Yes it seems so. There are some other items which seem "interesting" as well:

> /FasterRebuild2 
> Increase speed for a build which updates a single file

> Increase speed for a build wich updates a single file 
> We often edit a single file and then do a build. And the result is that we
> spend 80% of the time linking the kernel. So an obvious improvement for the
> kernel community would be to improve the speed of the linker (and decrease
> memory footprint).

What about http://lwn.net/Articles/274212/ ?

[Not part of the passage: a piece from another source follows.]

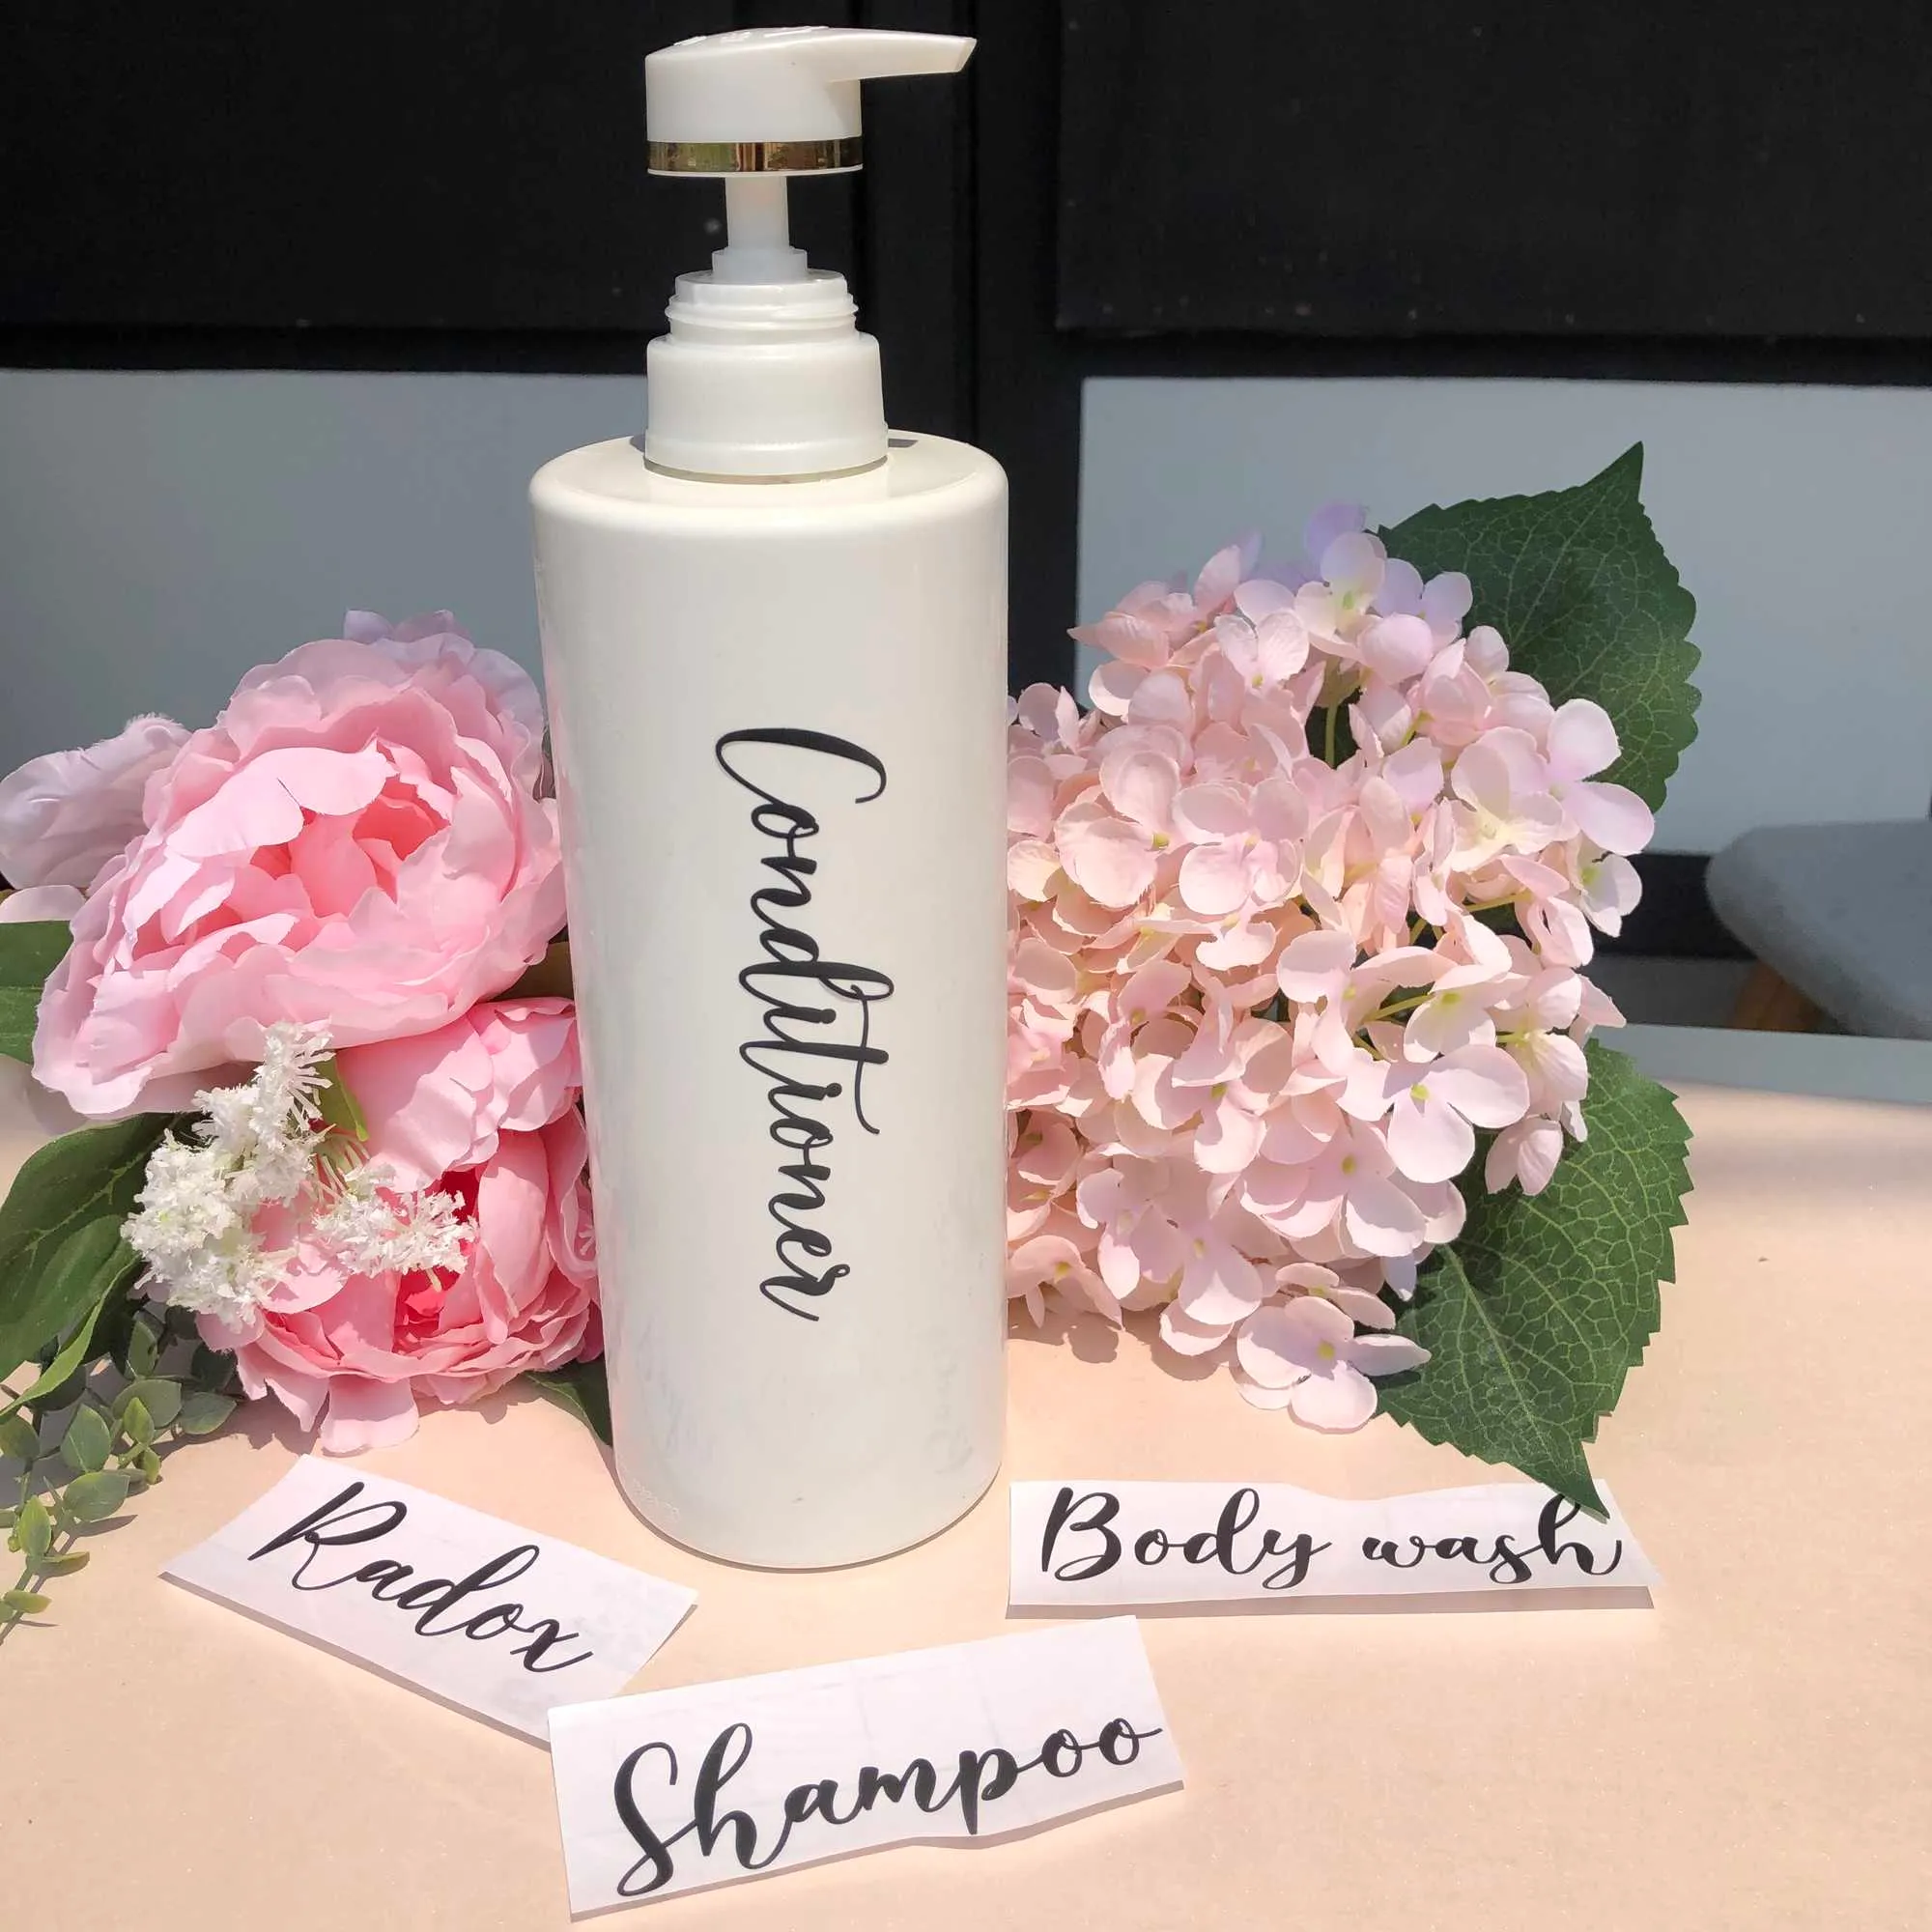 Personalised 500ml Shampoo Bottle Decal bathroom storage Conditioner Body Wash bottle Stickers (Bottle not included)

> Asynchronous System Calls

> The other issue with the current asynchronous APIs is that it is very
> difficult to use. Going to a queue based asynchronous api with a
> "select()"able method of managing the results will provide a more stable
> programming environment. In effect, somthing similar to epoll may do the
> trick.

Signalfd (see http://lwn.net/Articles/225714/ ) probably solves this
part.

> /CorrectnessProofs 
> Proof that caching/buffering/transactions/syncs are handled correctly.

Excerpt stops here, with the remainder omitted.